What’s more, the response to Jan. 6 has, on balance, proved encouraging. The Jan. 6 committee’s rendering of the event stands as one of the classic congressional investigations in U.S. history. Majorities see Trump as criminally culpable. The most prominent election-denying GOP candidates lost in 2022, suggesting voters grasp all of this as cause for continued vigilance.

Prosecutions of rioters and their organizers are proceeding apace. Reform of the Electoral Count Act — undertaken to prevent a future Jan. 6 — passed by a wide bipartisan margin.

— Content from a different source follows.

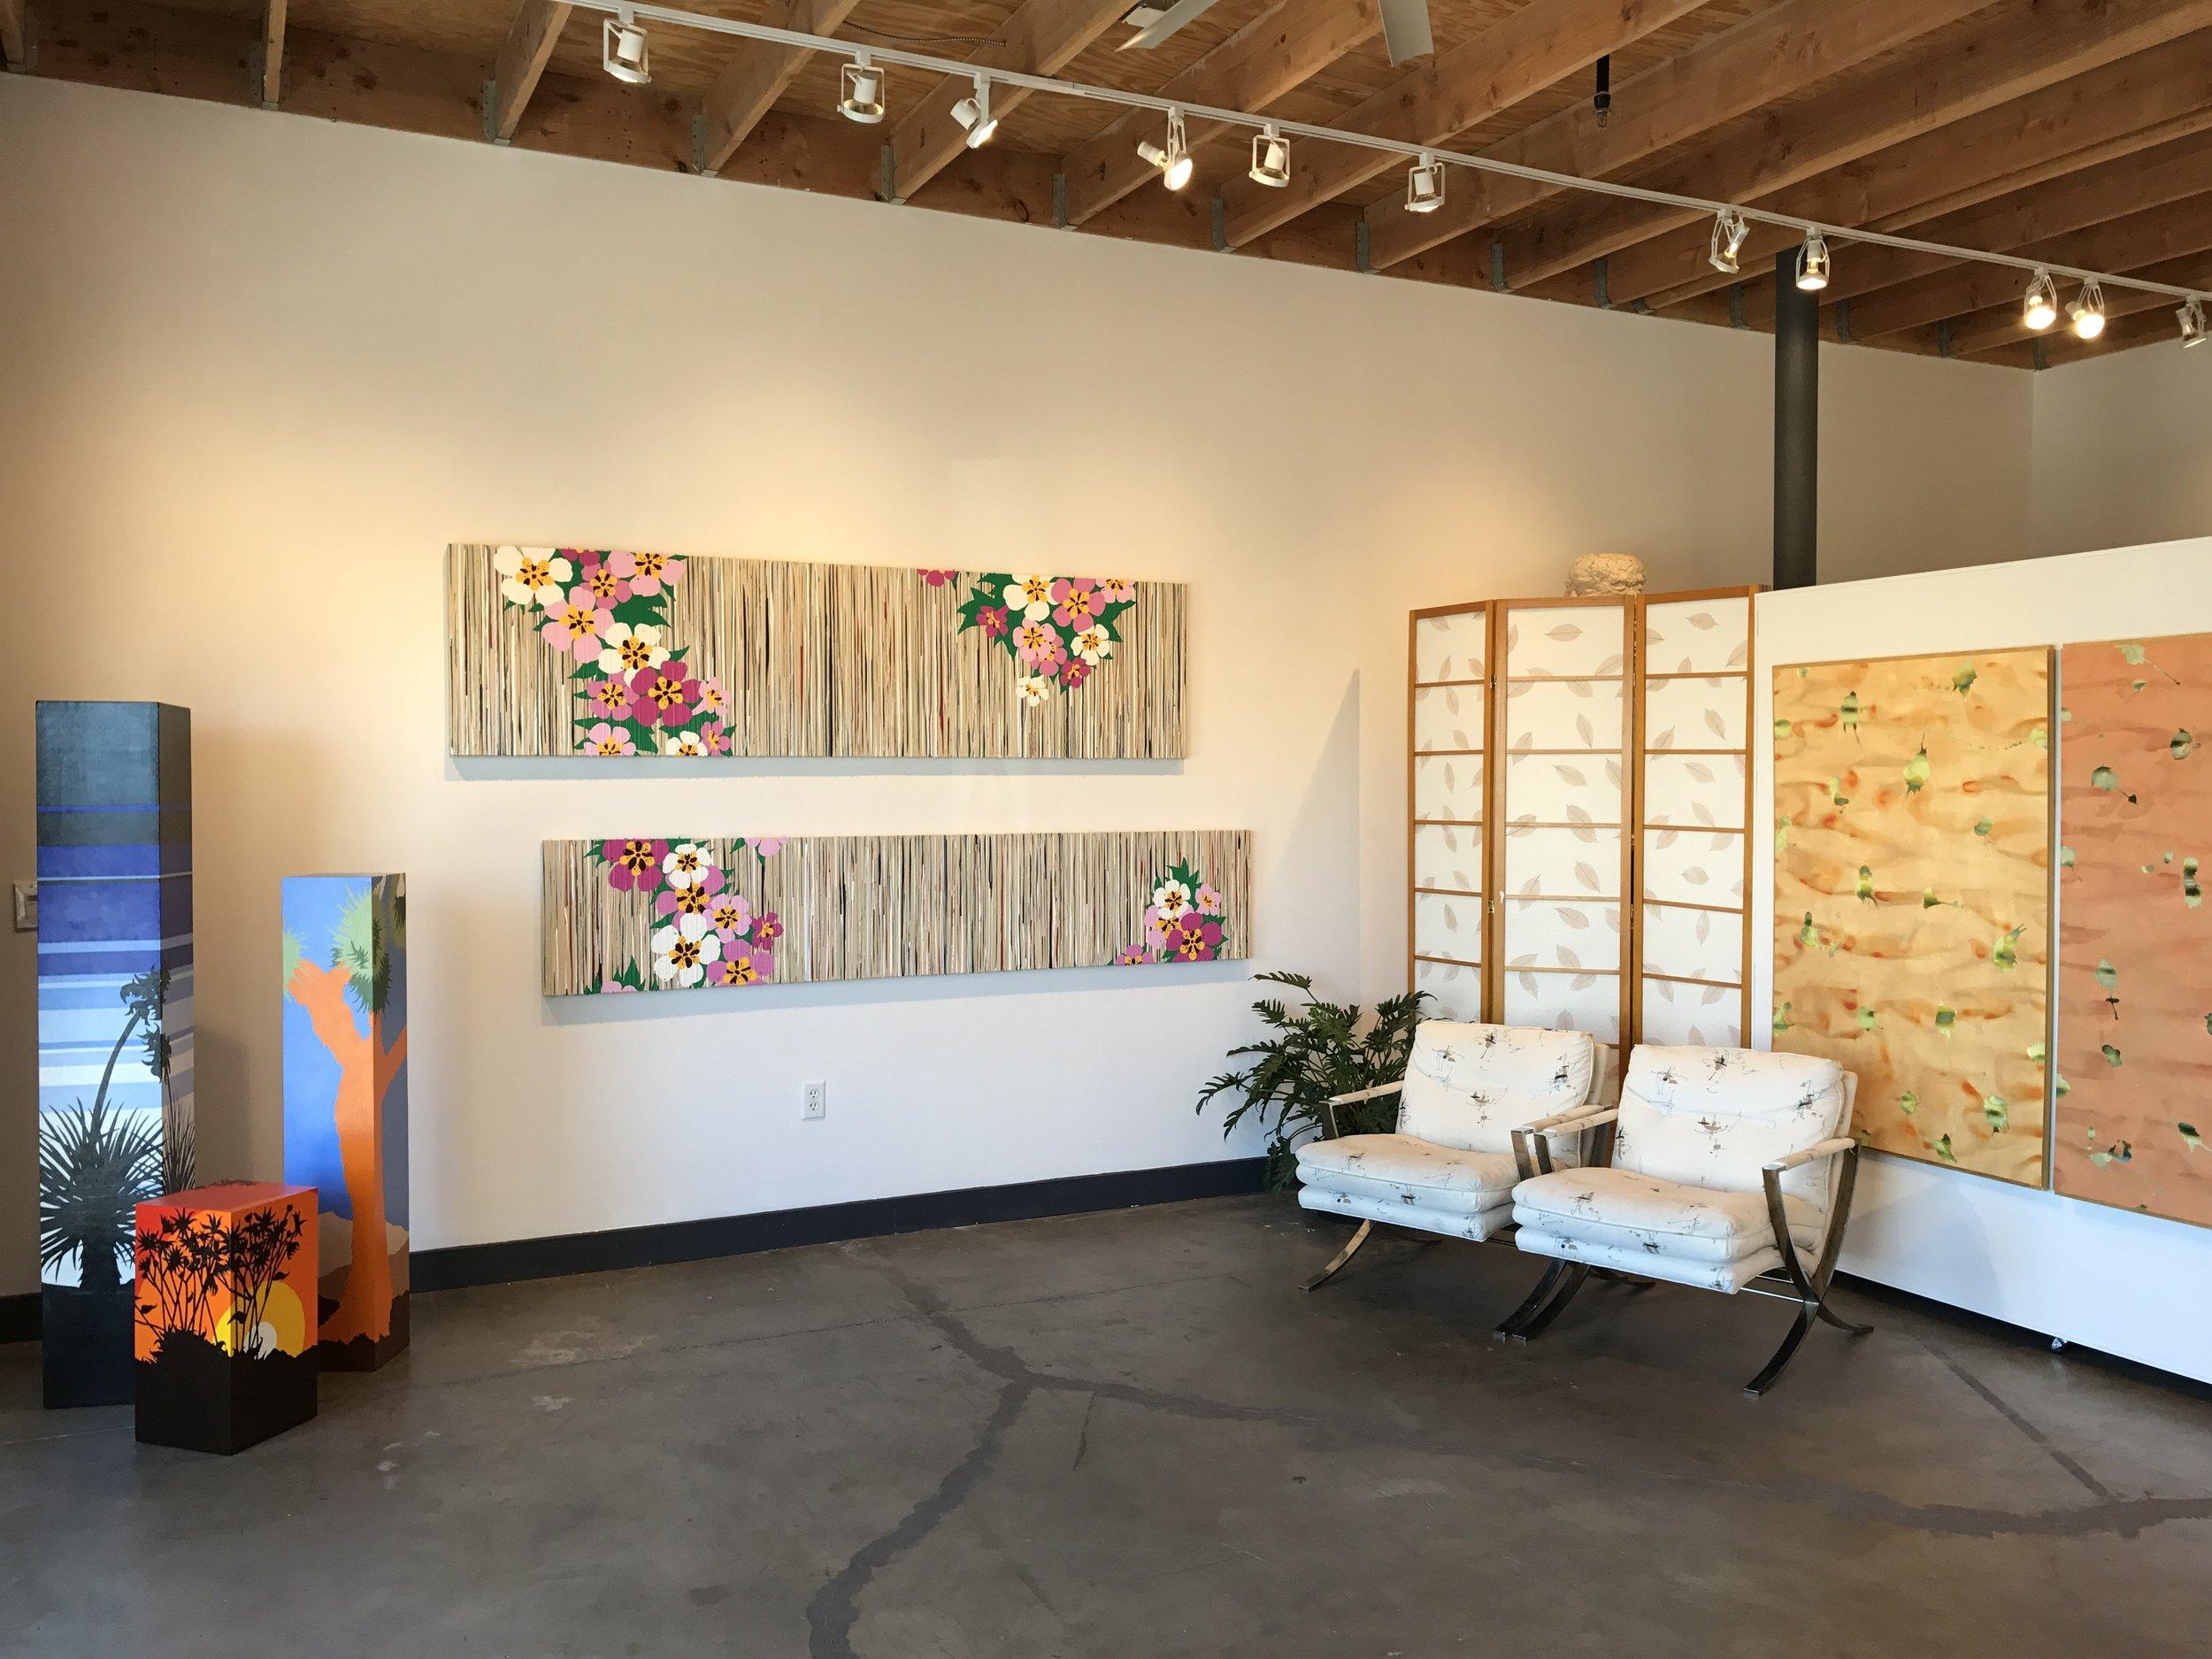 Priscilla Fowler Fine Art Gallery
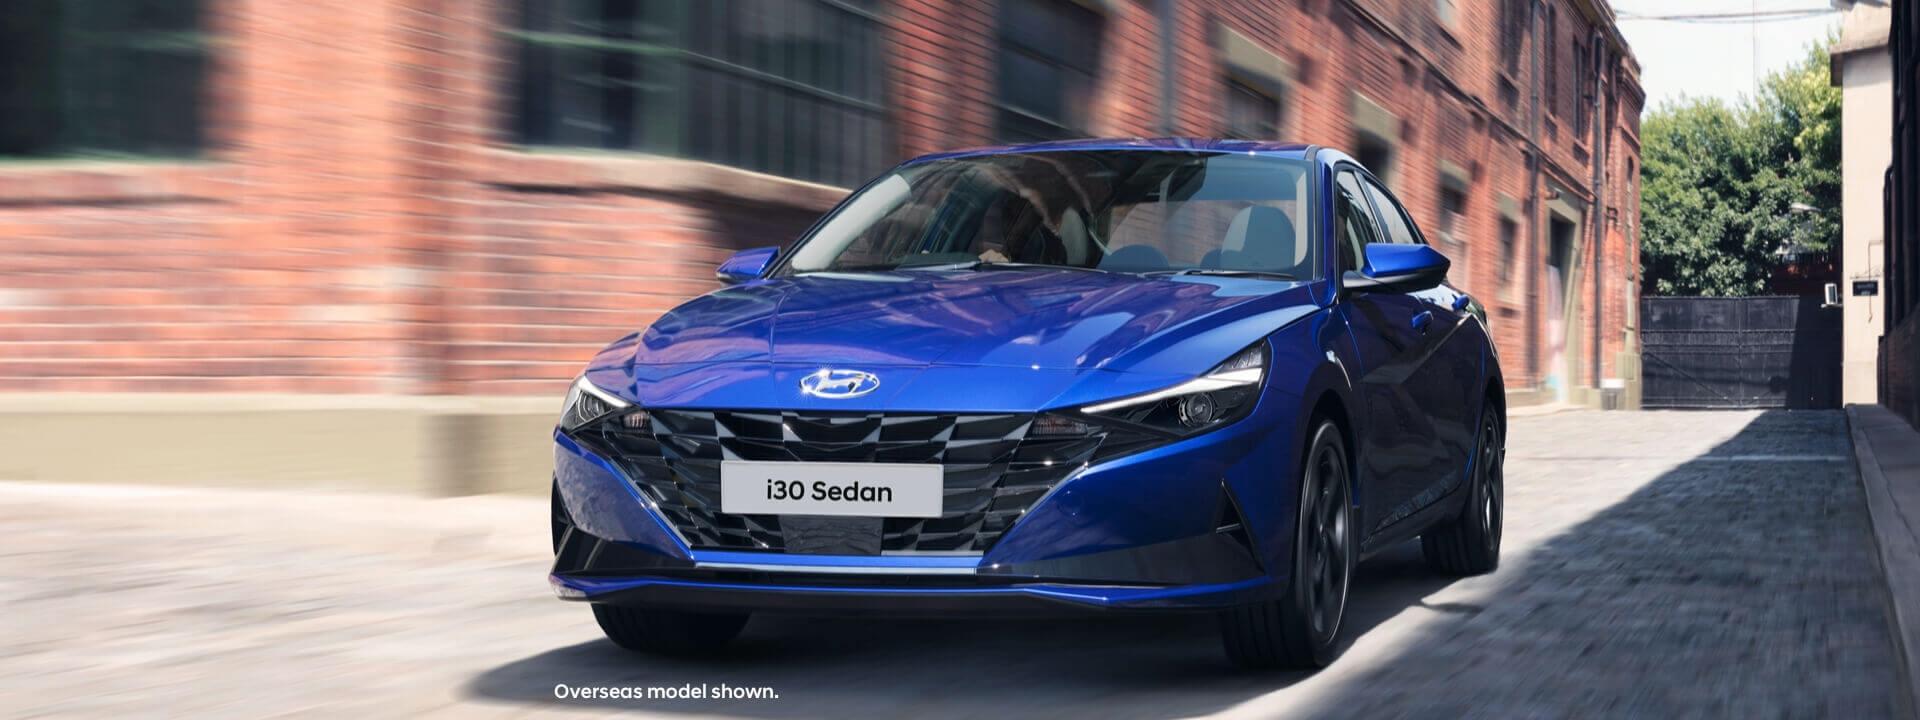 Hyundai i30 Sedan

Then there’s Carlson’s departure from Fox News. The Post’s initial reporting indicates that Carlson’s comments about Fox News management, as revealed during the lawsuit against the network, played a larger role than the evidence that personalities such as Carlson knowingly deceived their viewers about Jan. 6 and the 2020 election out of fear that they would bolt to competitors if they heard the truth.

Still, it does appear that Carlson’s texts about this very same deception campaign helped to bring him down. It’s hard not to see this as more evidence that MAGA’s lies continue to implode, and their most determined purveyors are sinking along with them.

Carlson’s removal from Fox News, coming right at the moment that one of the leading victims of his lies struck back at him, is only the latest in a string of reasons for cautious optimism. Two and a half years ago, if you had predicted the sort of outcomes we’ve seen since, it would have seemed hopelessly, almost absurdly, naive.